What the task asks: Output, exactly as written, the lines below from the one that has "unfinished-Vs-Rta-Cabinets" through the one that has "fce052d2694 Hiking boots | MEC"; nothing else, and no pictures.

Records for the exercise:
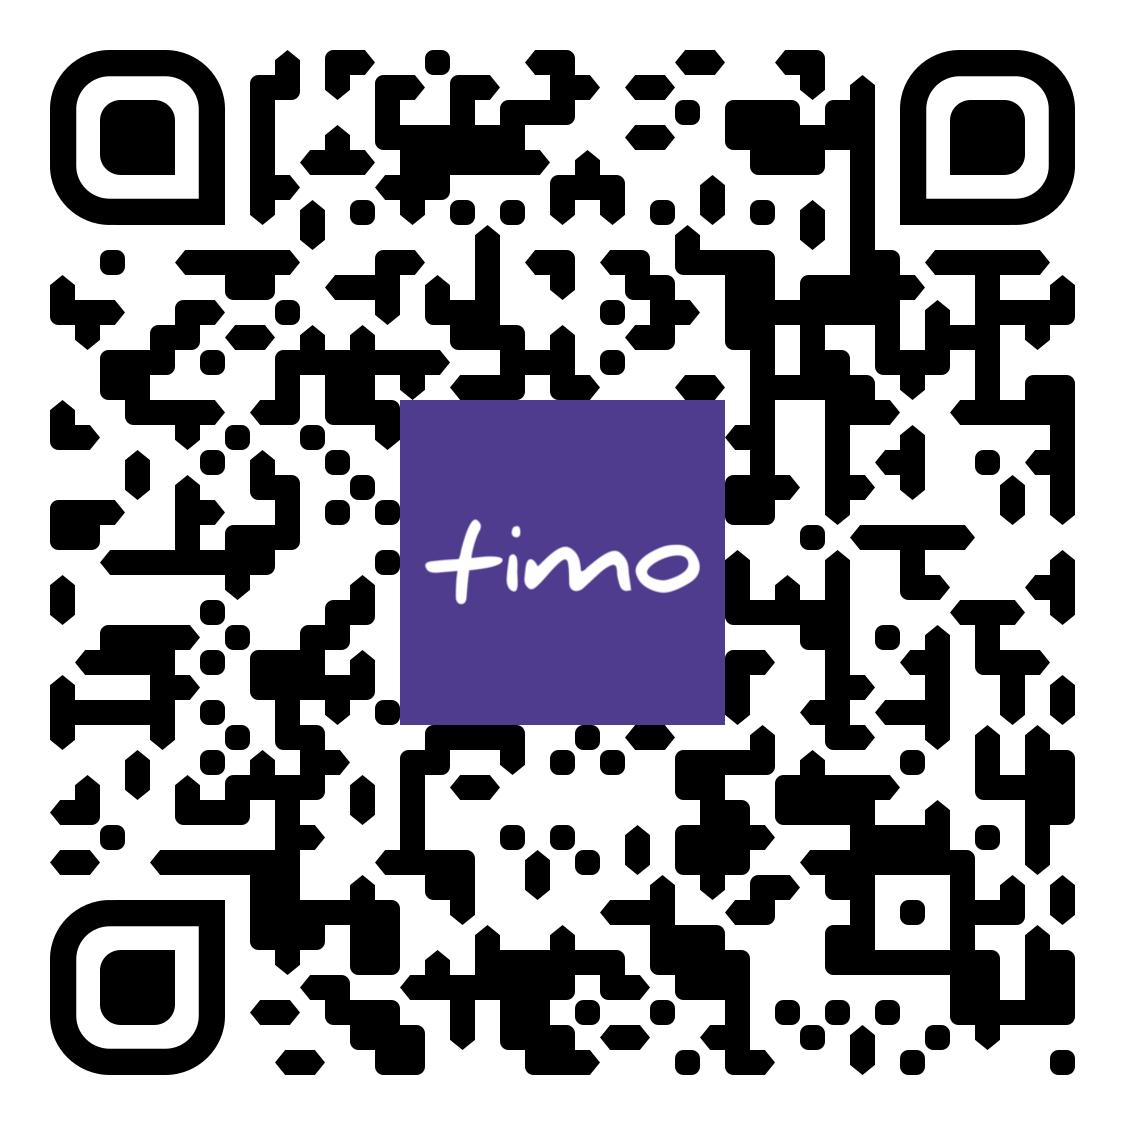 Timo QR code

==

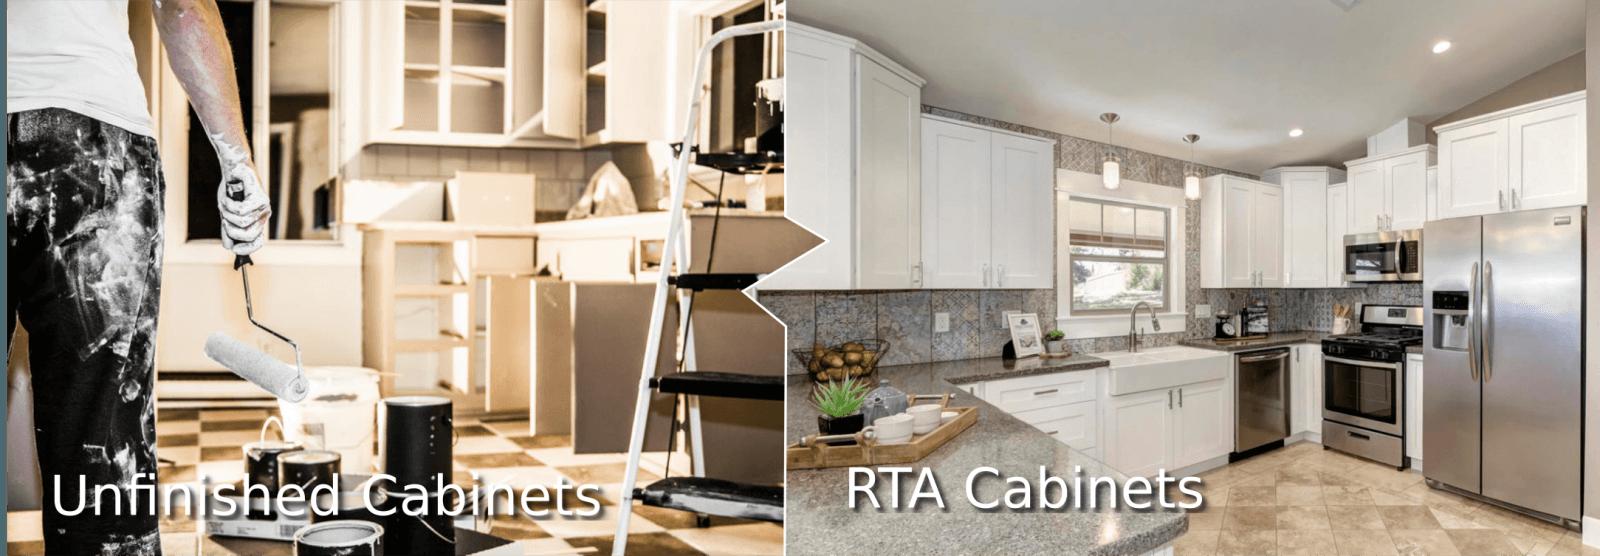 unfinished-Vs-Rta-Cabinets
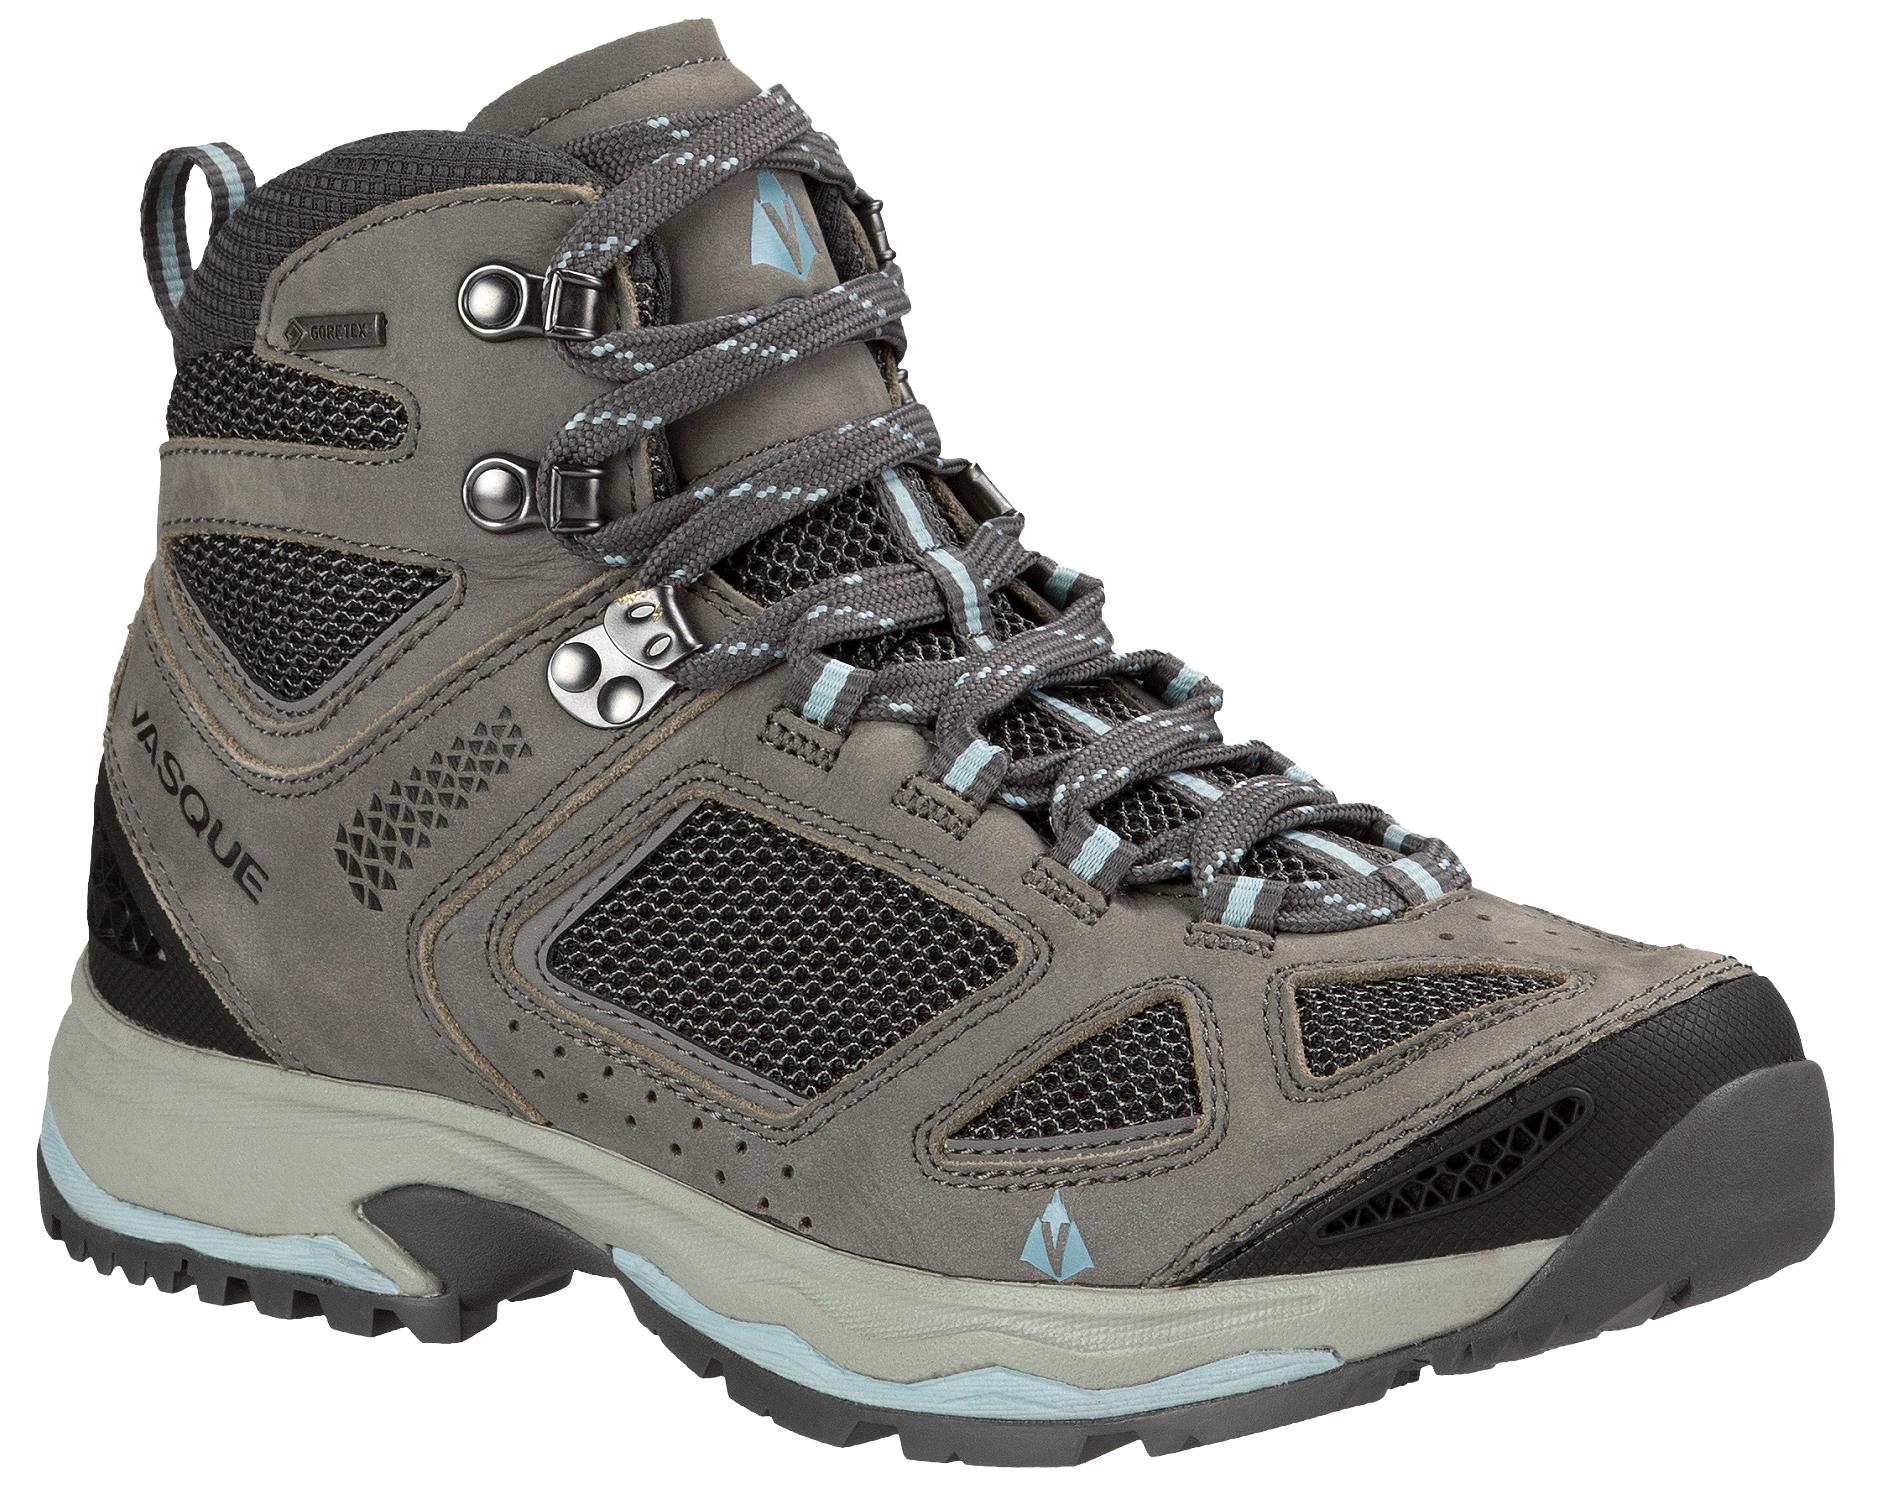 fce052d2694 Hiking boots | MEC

* * *

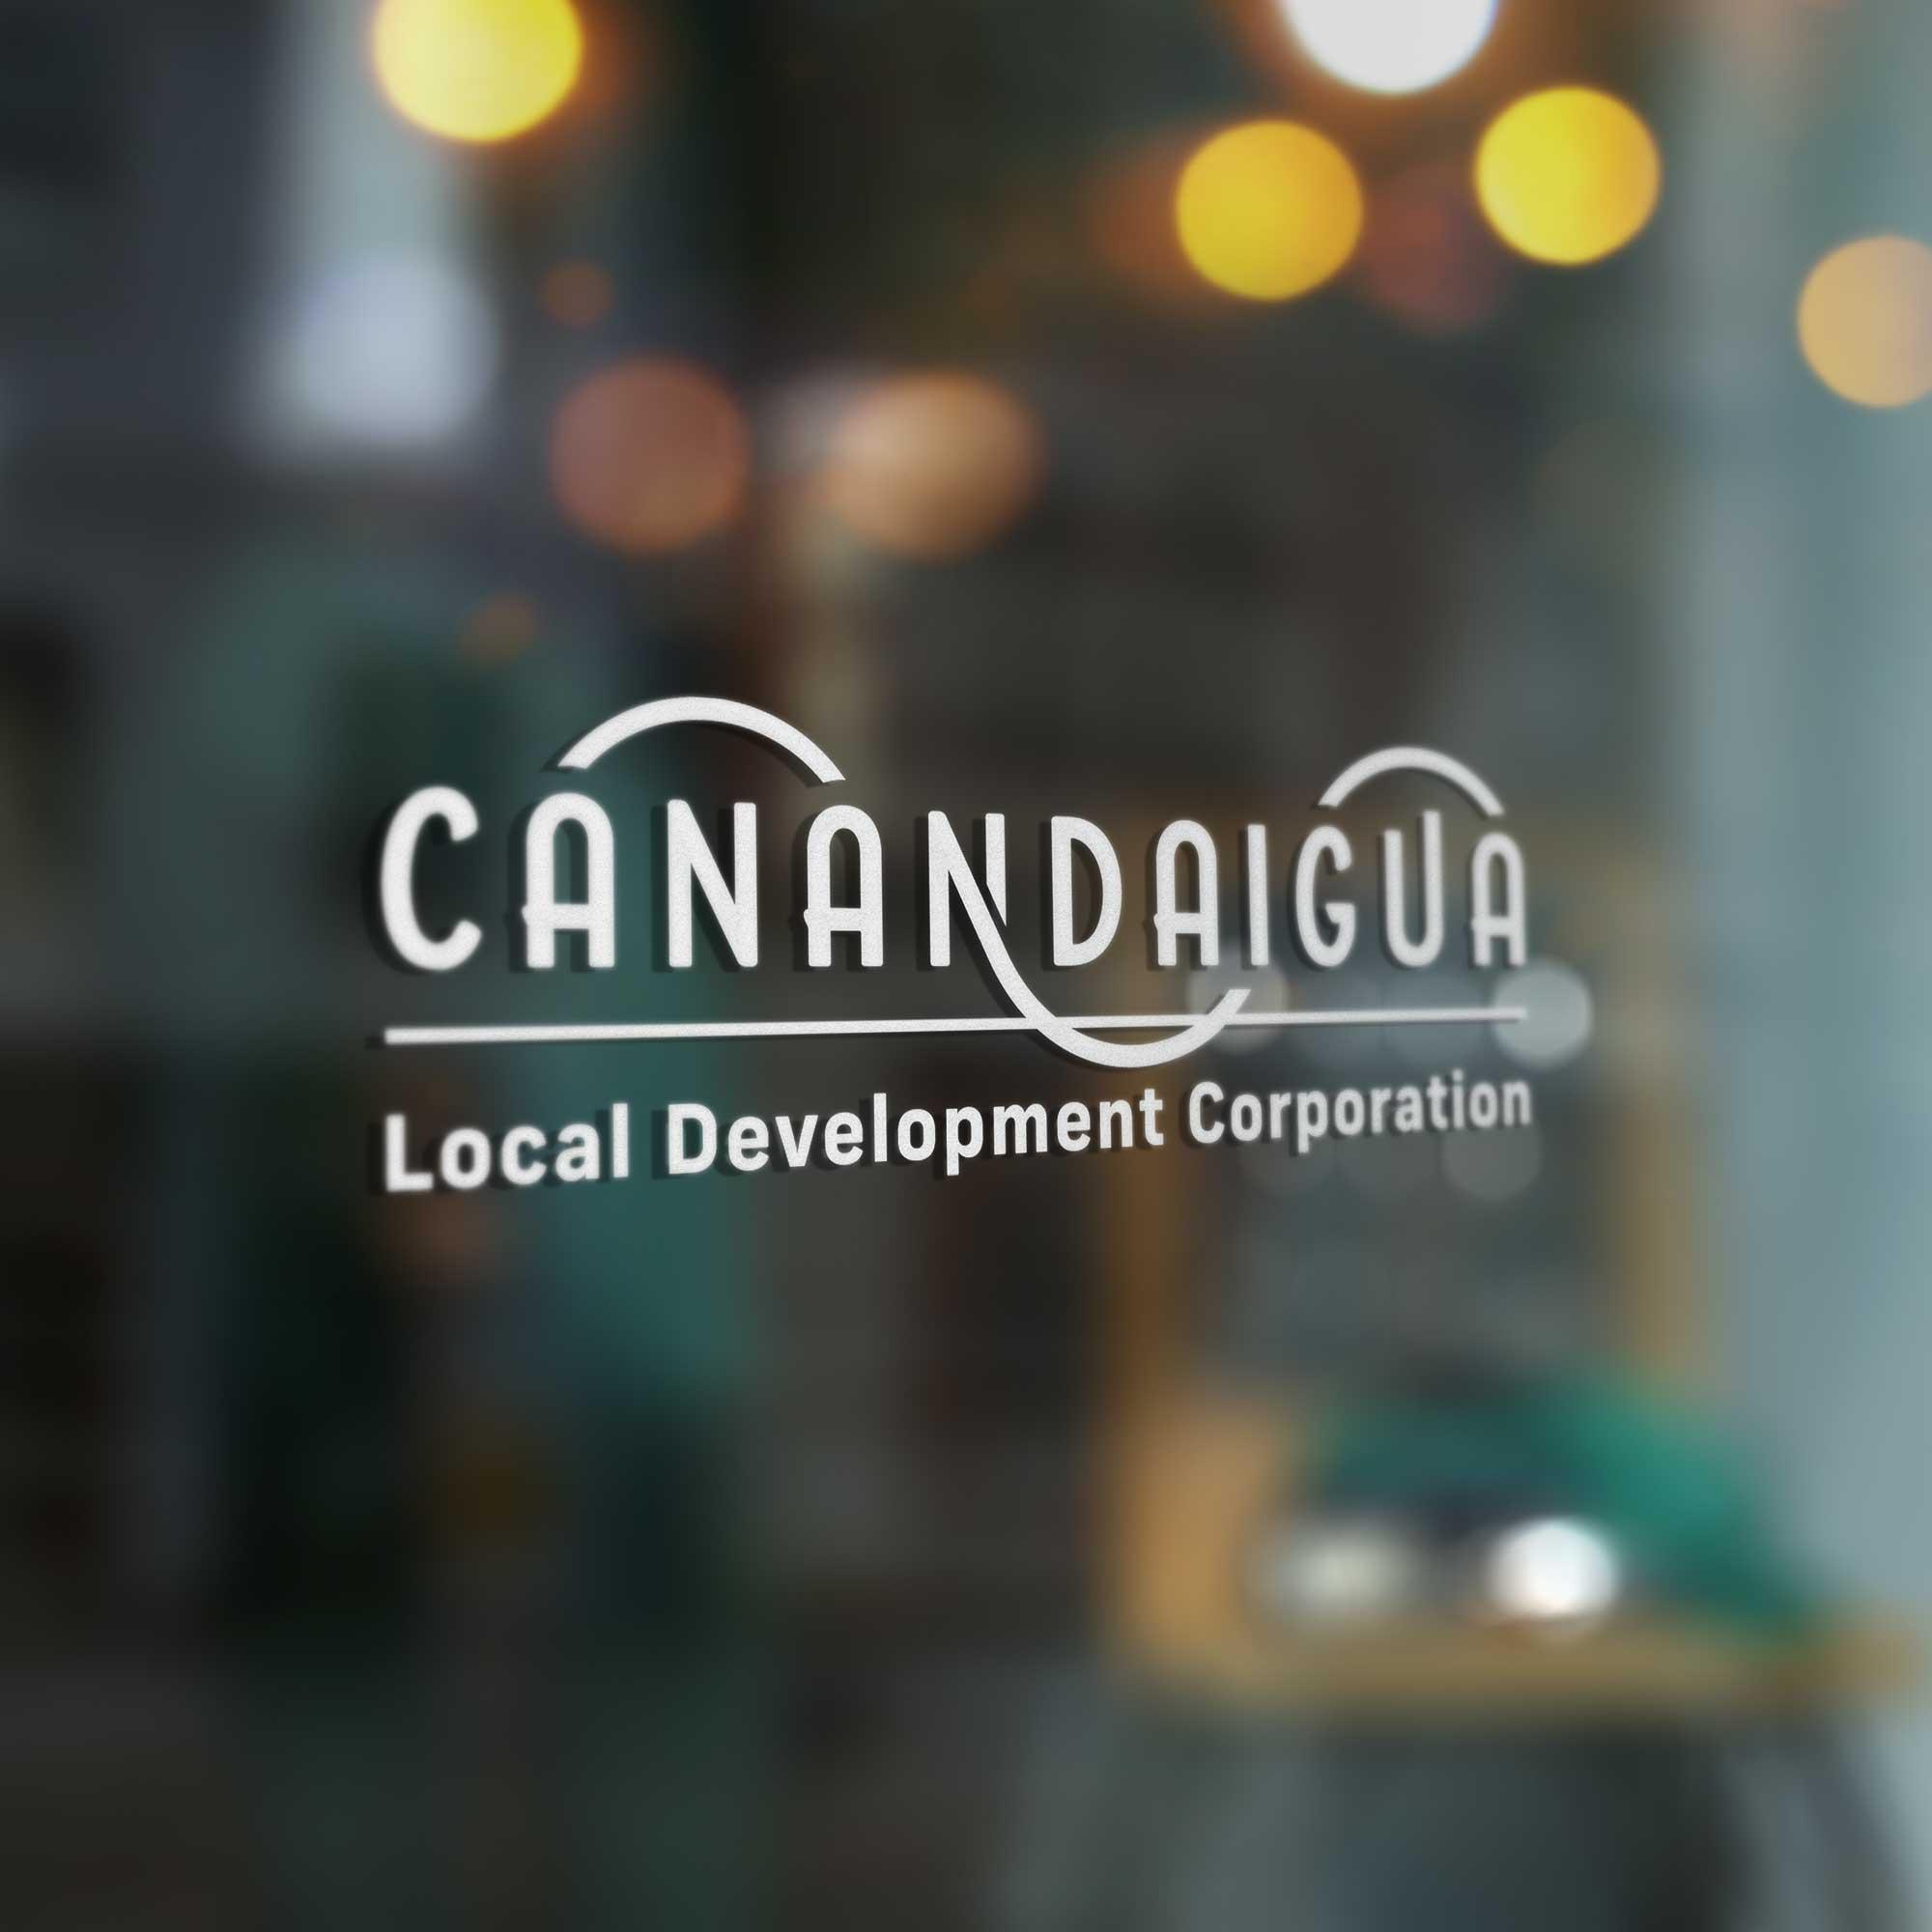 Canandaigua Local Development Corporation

Answer for the task:
 unfinished-Vs-Rta-Cabinets
 fce052d2694 Hiking boots | MEC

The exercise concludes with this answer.